In fact, their early speeches and press conferences feel like they have their long-term Legacy in mind. If they can make this work, they will truly be remembered in UK political history, far more than Tony Blair or Gordon Brown. Necessity may well be the mother of invention here, but it feels to me like they are going for it.
Don’t get me wrong, every time I see Michael Gove or George Osborne, my skin crawls a little bit and I shudder.
Gove makes Peter Mandelson look like a kitten. I can only hope he fails his CRB check as Schools Minister on the grounds that he would scare the children. Osborne looks and behaves like a vampire, like he truly despises mortals. He was barely present during the entire election campaign, I can only assume because he doesn’t look good in daylight.
On the other hand, the agreement between the coalition parties is an impressive piece of work, truly a mature and grown-up piece of thinking. I truly hope they can make it work.
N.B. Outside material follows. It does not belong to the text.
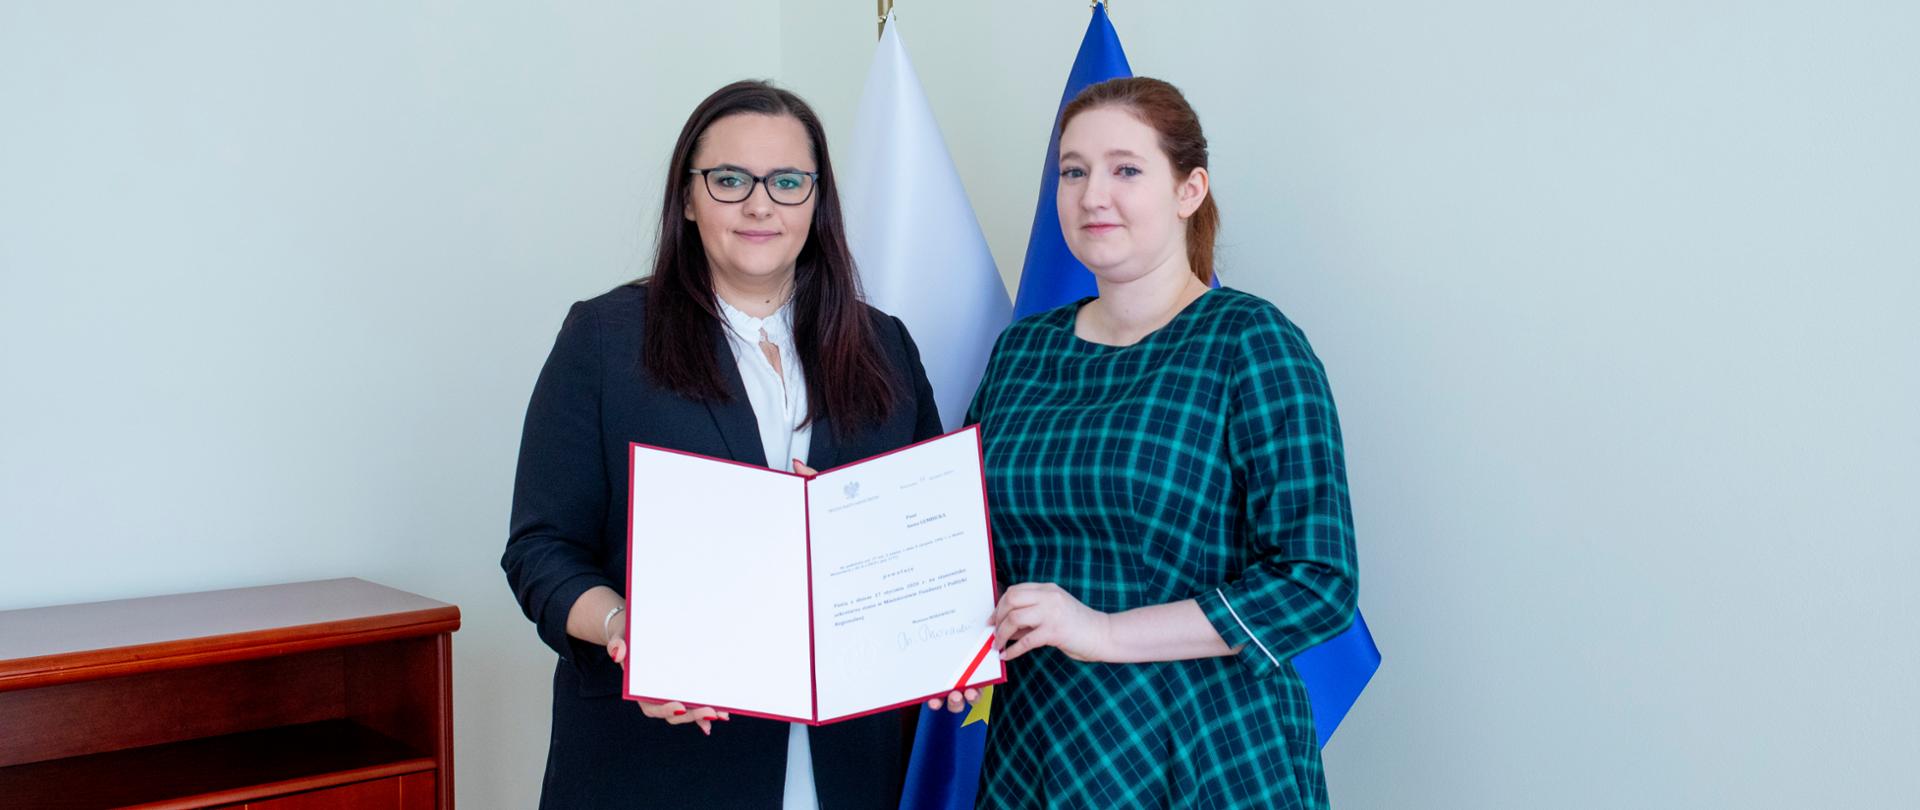 minister Małgorzata Jarosińska-Jedynak i wiceminister Anna Gembicka trzymają nominację, za nimi flagi Polski i Unii Europejskiej

There have been countless old-guard politicos and journalists all over the media in the last 48 hours behaving as though this is a terrible thing, as though it’s such a leap of faith that mere voters will explode before they can wrap their simple heads around it.
But in fact, it’s a truly simple concept. In order to make things work, to make things better, sometimes it’s best to work together. That might mean you can’t always do everything you want. I get it. My daughters get it. My friends and colleagues get it. But it still appears that many of the dinosaurs in British politics don’t.
I hope it works. I hope Cameron and Clegg lay down the law to their ministers, officials and parties to make it work. It needs to work, to deliver the British economy out of recession without Thatcherite levels of social division. If it does work, it will transform British politics, in a very good way, to be more inclusive, more mature, more collaborative.